[EXERCISE INSTRUCTIONS]: When the line containing "Ritratto orizzontale di" is found in the data below, copy it and each line after it through the line containing "Πρωτοσέλιδο εφημερίδας 12x", exactly and with no others.

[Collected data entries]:
=== Section Start ===

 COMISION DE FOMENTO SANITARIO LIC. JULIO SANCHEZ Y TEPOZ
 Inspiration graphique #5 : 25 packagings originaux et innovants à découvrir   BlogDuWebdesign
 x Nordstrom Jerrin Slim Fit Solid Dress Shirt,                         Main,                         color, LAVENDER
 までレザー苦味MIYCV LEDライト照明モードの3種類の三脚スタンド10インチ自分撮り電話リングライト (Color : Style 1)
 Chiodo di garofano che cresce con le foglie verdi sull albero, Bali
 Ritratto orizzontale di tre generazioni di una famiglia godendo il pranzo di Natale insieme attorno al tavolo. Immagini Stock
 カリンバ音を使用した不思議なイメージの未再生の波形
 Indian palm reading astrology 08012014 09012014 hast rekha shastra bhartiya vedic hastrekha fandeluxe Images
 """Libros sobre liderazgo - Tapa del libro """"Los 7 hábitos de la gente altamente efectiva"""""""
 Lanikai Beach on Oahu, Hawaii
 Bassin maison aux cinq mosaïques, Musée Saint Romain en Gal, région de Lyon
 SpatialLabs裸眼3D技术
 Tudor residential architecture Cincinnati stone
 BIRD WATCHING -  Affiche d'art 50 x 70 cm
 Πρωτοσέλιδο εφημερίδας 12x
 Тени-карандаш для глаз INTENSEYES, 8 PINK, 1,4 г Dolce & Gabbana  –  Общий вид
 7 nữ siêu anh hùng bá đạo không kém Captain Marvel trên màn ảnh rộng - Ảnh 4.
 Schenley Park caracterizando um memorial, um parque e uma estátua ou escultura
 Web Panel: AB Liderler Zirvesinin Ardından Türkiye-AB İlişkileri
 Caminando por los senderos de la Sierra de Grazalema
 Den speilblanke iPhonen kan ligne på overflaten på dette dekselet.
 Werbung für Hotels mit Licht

=== Section End ===

[RESPONSE TO THE TASK]:
 Ritratto orizzontale di tre generazioni di una famiglia godendo il pranzo di Natale insieme attorno al tavolo. Immagini Stock
 カリンバ音を使用した不思議なイメージの未再生の波形
 Indian palm reading astrology 08012014 09012014 hast rekha shastra bhartiya vedic hastrekha fandeluxe Images
 """Libros sobre liderazgo - Tapa del libro """"Los 7 hábitos de la gente altamente efectiva"""""""
 Lanikai Beach on Oahu, Hawaii
 Bassin maison aux cinq mosaïques, Musée Saint Romain en Gal, région de Lyon
 SpatialLabs裸眼3D技术
 Tudor residential architecture Cincinnati stone
 BIRD WATCHING -  Affiche d'art 50 x 70 cm
 Πρωτοσέλιδο εφημερίδας 12x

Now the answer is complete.